Stoich project
James Chow 7th Period
What is stoichiometry
Example reaction and information
Balanced equation: 2KCl(aq) + 3O2(g) = 2KClO3(aq)
Reaction type: synthesis
IUPAC Names
KCl: Potassium chloride
O2: Oxygen
KClO3: Potassium chlorate
Molar Masses
Potassium chloride: 74.551 g/mol
Oxygen: 31.98 g/mol
Potassium chlorate: 122.548 g/mol
Proof of reaction
Mole to mole conversions
For example, we have 5.6 moles of KCl and we want to convert it to KClO3. Both of them have a coefficient of 2, so the ratio is 2 to 2. Therefore, KClO3 also has 5.6 moles.
Mass to mass conversions
For example, you have 12.1 grams of KCl and you wish to convert it to KClO3. To solve this, you would divide 12.1 by 74.551, which is the molar mass.
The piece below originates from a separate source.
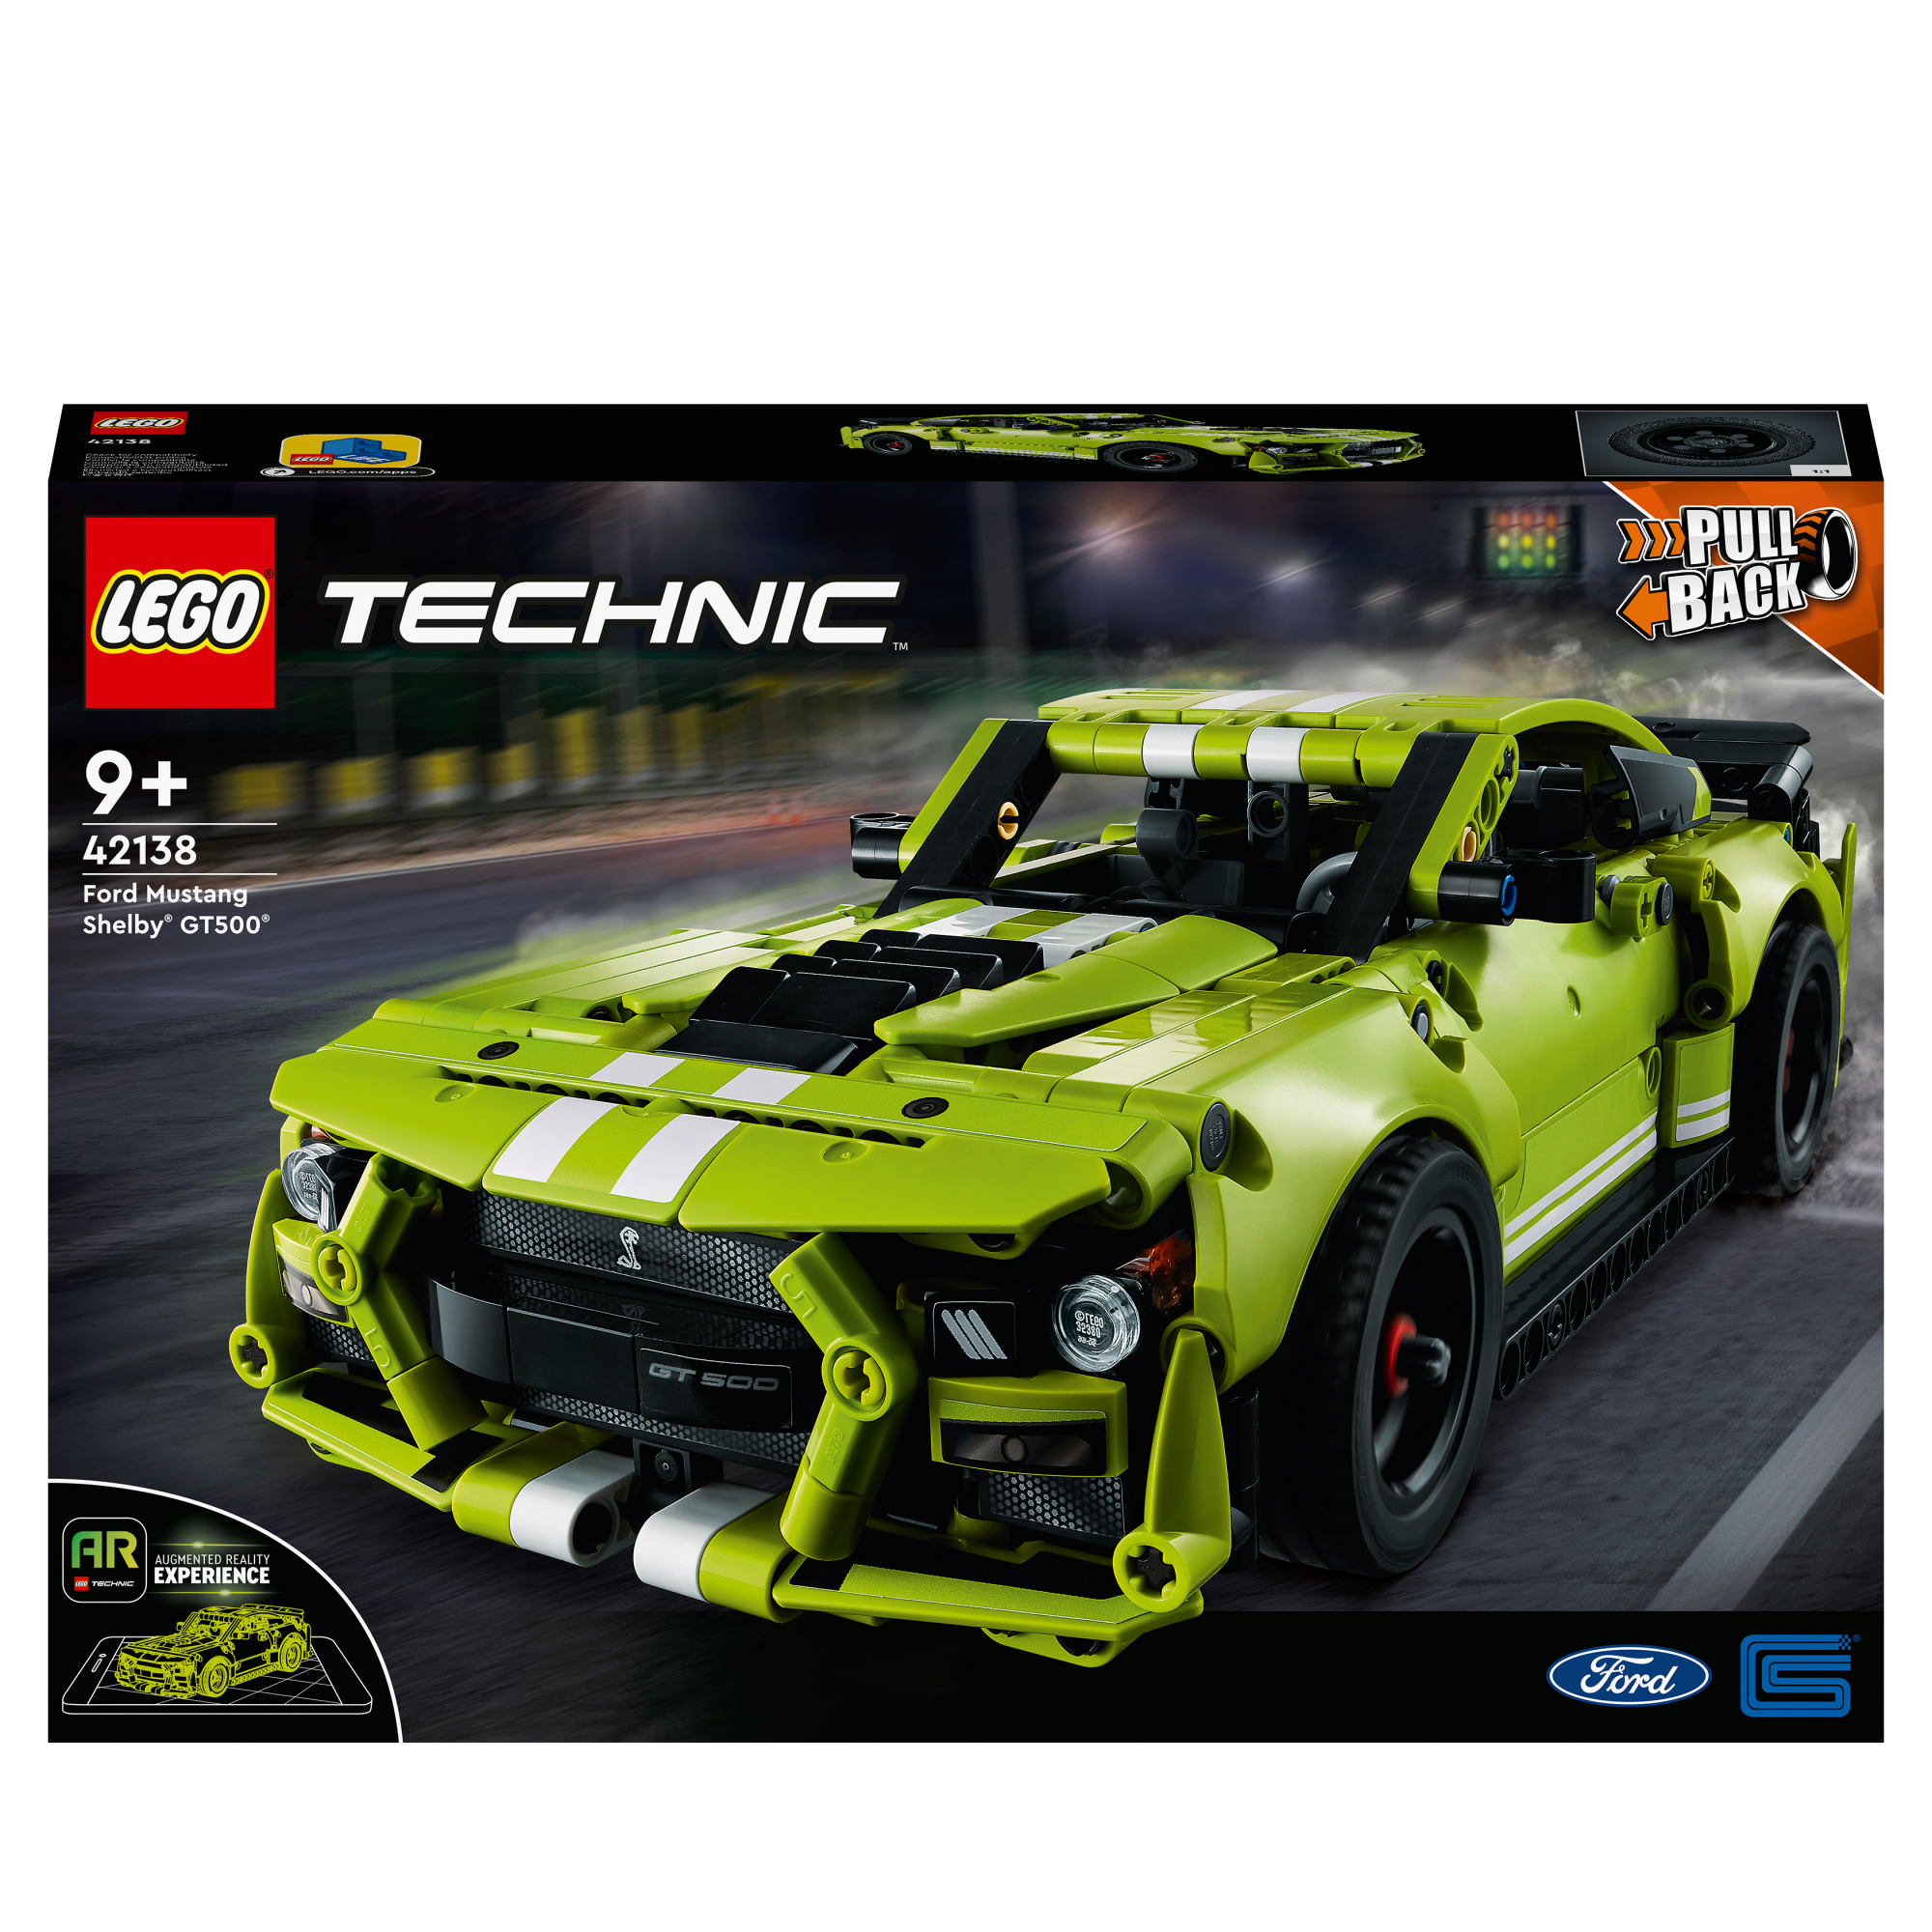 Technic - Ford Mustang Shelby GT500

Once again the ratio is 2 to 2, so the number stays the same. You now finally multiply by 122.548, which is the molar mass of KClO3. Therefore, the answer is 19.89 grams of KClO3
Limiting and excess reactant
For example, you have 12.3 grams of KCl and O2. After working out the mass to mass conversion, KCl can produce 20.219 grams of KClO3 while O2 can produce 31.404 grams of KClO3. Therefore, KCl is the limiting reactant because it can produce less, and O2 is the excess reactant because it can produce more than KCl can.
Theoretical and percent yield
For example, the theoretical yield from the last question is 20.219 grams because you only have enough grams of KCl to produce that much. Even though O2 is capable of producing 31.404, KCl cant produce that much, so the answer will be the 21.219.
Now, lets say your actual yield is 17.359. 17.359 divided by 21.219 x 100 = 85.854. 85.854% is your percent yield.